Is there anything else I can do? We can use a subquery to first go to the joint index of city_id and type in the subquery, get the result set and select the first item in limit1.

However, the use of subqueries is risky, and the use of subqueries is not recommended in a version of DBA. It is recommended that you complete complex queries in the logic of the code. Of course, our sentence is not complicated.

Select * From sample_table Where id in (Select id From `newhome_ db`.`af _ hot_price_ region` where (city_id = 565 and type = 13)) limit 0,1

There are many solutions.

SQL optimization is a big project, we still have a lot of ways to solve this slow query problem, so we won't start one by one here. I leave it for everyone to think about.

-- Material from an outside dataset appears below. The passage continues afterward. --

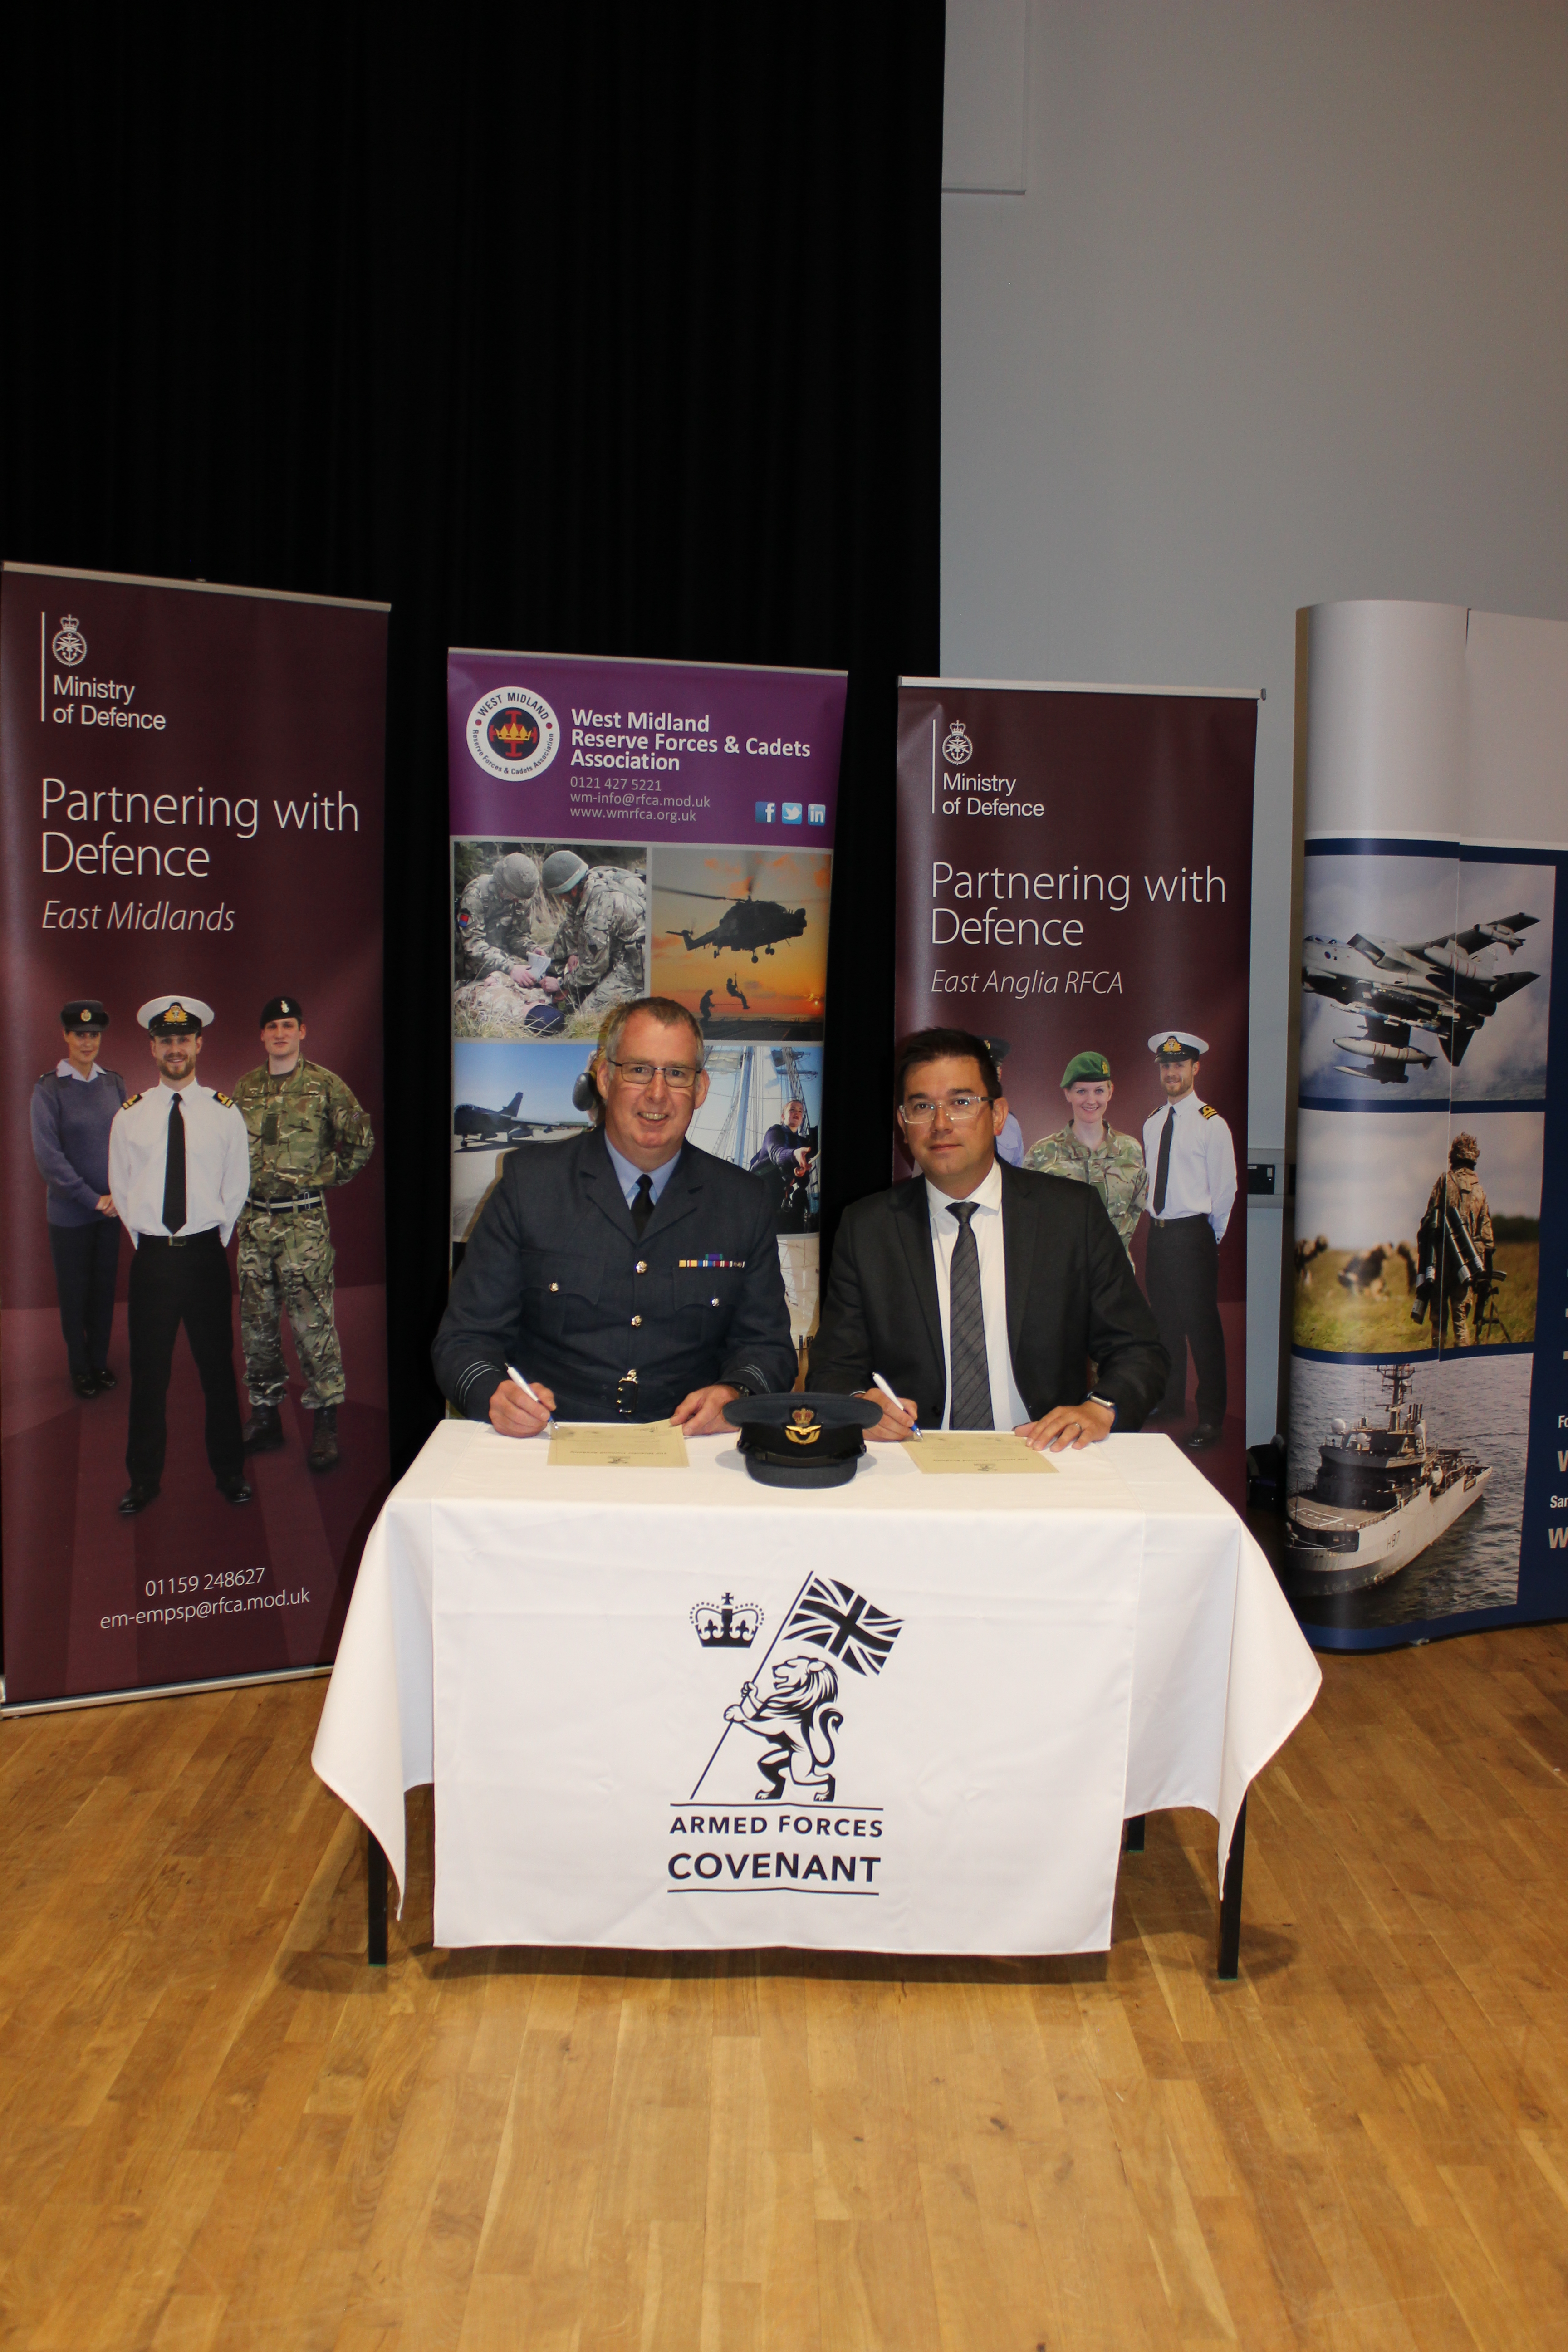 The Nicholas Hamond Academy signs the Armed Forces Covenant
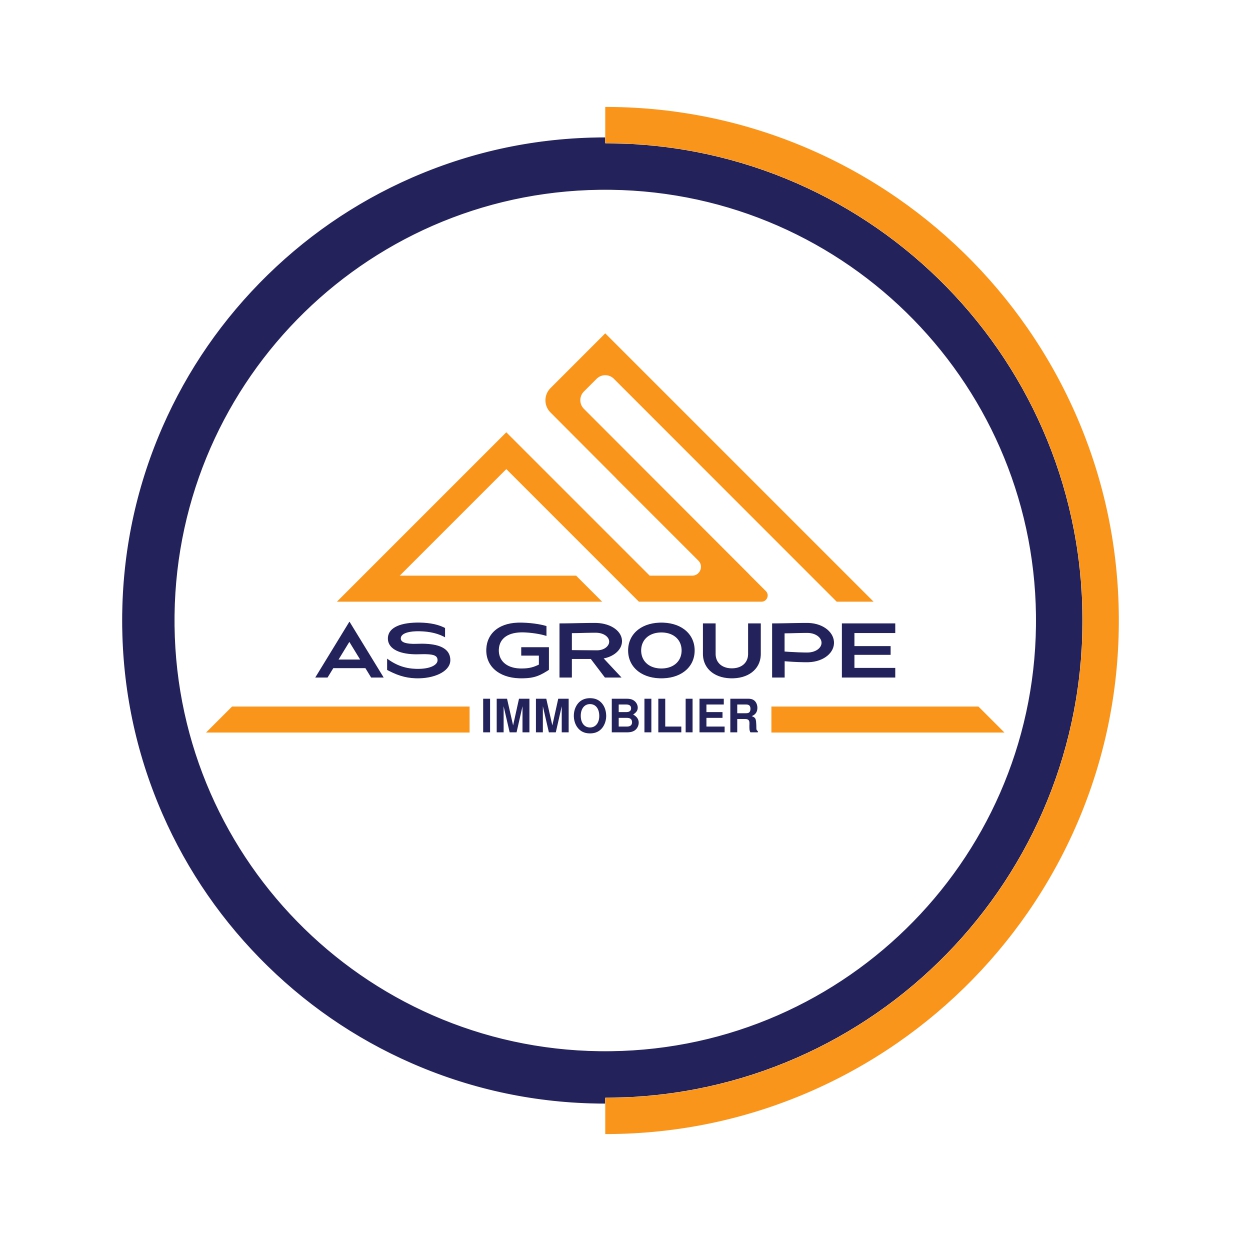 As Groupe Immobilier

Thank you for your reading. The above is the content of "how to solve the online slow query accident caused by the wrong index of 10 million-level data table". After the study of this article, I believe you have a deeper understanding of how to solve the problem of online slow query accident caused by the wrong index of 10 million-level data table, and the specific use still needs to be verified in practice. Here is, the editor will push for you more related knowledge points of the article, welcome to follow!

Welcome to subscribe "Shulou Technology Information " to get latest news, interesting things and hot topics in the IT industry, and controls the hottest and latest Internet news, technology news and IT industry trends.

*The comments in the above article only represent the author's personal views and do not represent the views and positions of this website. If you have more insights, please feel free to contribute and share.